第79章 如果   如果一切都没有发生,她就不能遇……
  温浓心知避无可避, 讪讪然说:“你不是都知道的嘛?”
  “我本来就没想入宫,当日朝廷的通牒下发各地派送我家来的时候,我爹想让我顶替妹妹的名额, 那时我就作好了偷偷离京的打算。”

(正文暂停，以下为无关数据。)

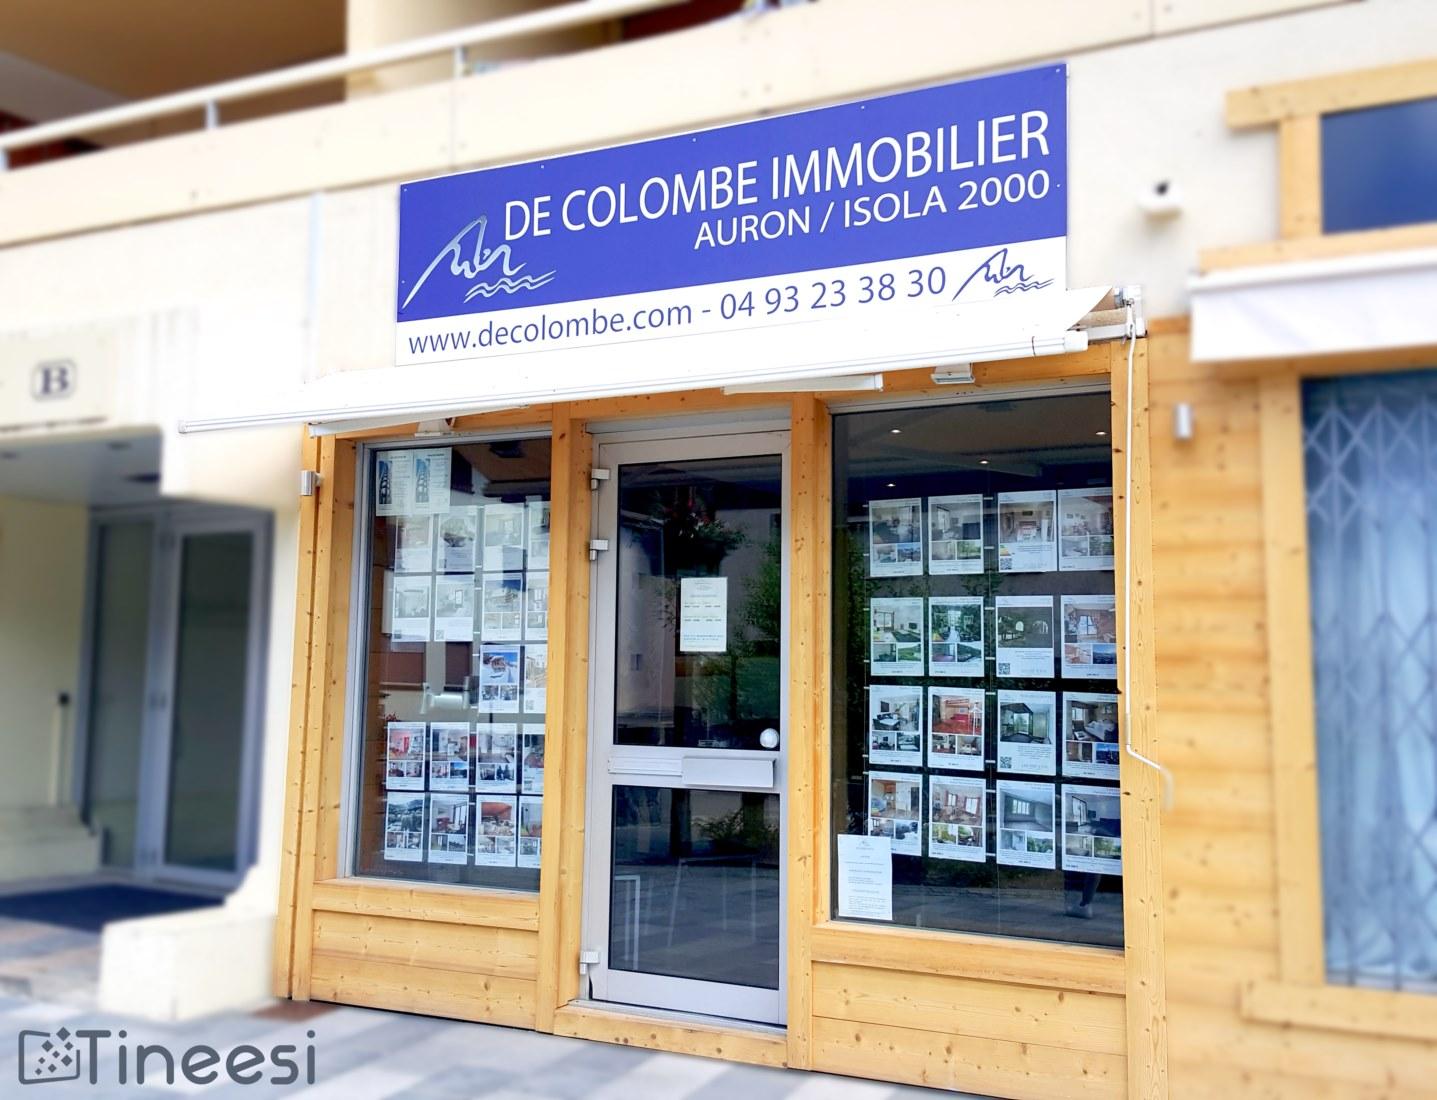 Panneau De Colombe immobilier - Auron

  温浓心中叹息, 或许真是造化弄人吧?如果那天晚上没有遇见郭家兄妹,没有发生那场车祸的话,假如她能平安赶至北玄门,平平静静等到天明之时,那么清早就能出城了。
  如此一来,后续一切皆不会发生。温浓不禁偏头看向身边的人,虽然后来发生很多不如愿的事, 可如果一切都没有发生,她就不能遇见陆涟青。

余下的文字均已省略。